29 diciembre 2010

La bipolaridad entre Andorra y Valencia

Cada vez que enfilo la autopista del Mediterráneo dirección norte, empieza el cambio. En el trayecto de cinco horas entre Valencia y Andorra, la Pepa y yo nos ponemos al día el uno del otro, porque en los cinco días con sus cinco noches de valencianía que hemos vivido, no nos hemos visto más que unas horas. Al pasar la frontera del Principat, la luz de las millones de bombillas del pequeño país contrasta con la oscuridad que se cierne sobre mí.

En la terreta me siento amigo de todo el mundo. Paliqueo de lo más a gusto con mis padres, como con ellos, me cuentan sus cosas, vamos al cine, estoy con mis hermanas, con el Buster, voy a la playa, voy a Ontinyent, a Benigànim, veo a amigos y familiares, estoy con ellos como si hiciera unas horas que no nos hubiéramos visto, tengo cenas, comidas, llamadas, sonrisas, carcajadas, recuerdos... El deporte además se multiplica: la bici me lleva a mis sitios preferidos y siempre con buena compañía, voy a correr, se juega algún partidete de fútbol...

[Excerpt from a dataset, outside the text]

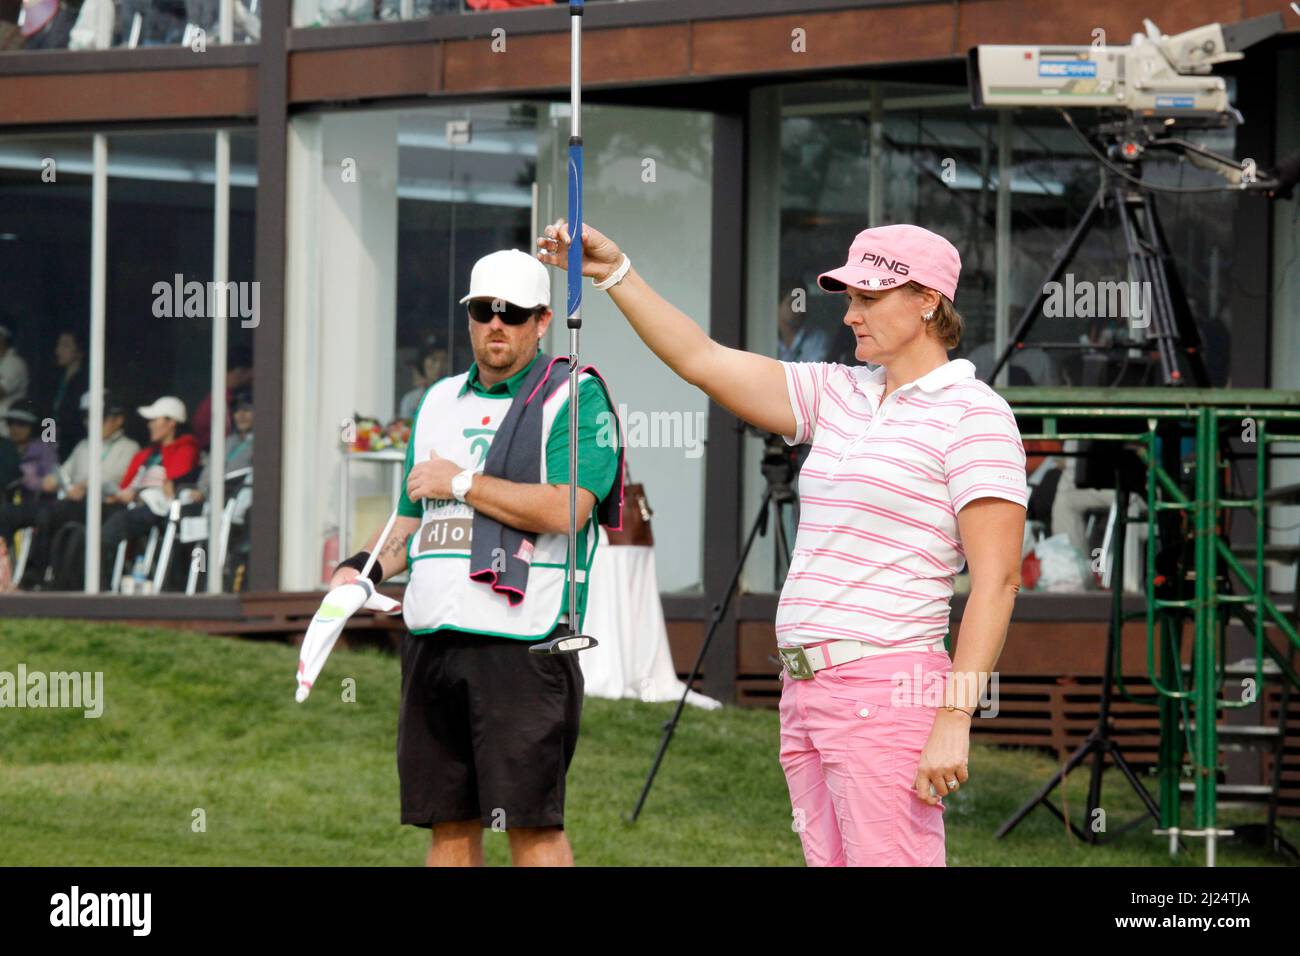 9 octobre 2011-Incheon, Corée du Sud-HJORTH Maria de Swden, a aligné un putt sur le 18th trous lors de la finale du championnat LPGA par Hana Bank au club de golf SKY72 à Incheon le 9 octobre 2011, Corée du Sud. Banque D'Images

En Andorra la situación da un vuelco. Primero dependo del coche, lo cual me toca las narices, no me gusta meterme en un bar para hablar siempre de trabajo, de hecho trabajo, a veces no hago otra cosa, mis únicas vías de escape son la Pepa, el gimnasio y hablar del frío que pela, mientras el trabajo, el trabajo y el trabajo me ocupan la cabeza en todos los sentidos. Así las cosas, me convierto en alguien insociable, porque no tengo amigos pero sí compañeros, porque nada es lo mismo y porque faltan tantas otras cosas como darle una caricia a Buster para sacarlo a pasear.

Así es que soy bipolar. Si alguien de Andorra me viera en Valencia, no daría crédito, como tampoco el valenciano que sube y me ve entre montañas, oscuro, opaco, apagado. Sólo algún colegueta de la bici y otras aficiones me saca a veces de la rutina.

Como dice el refrán, no todo el monte es orégano. Aunque, bien mirado, tampoco es mal sistema.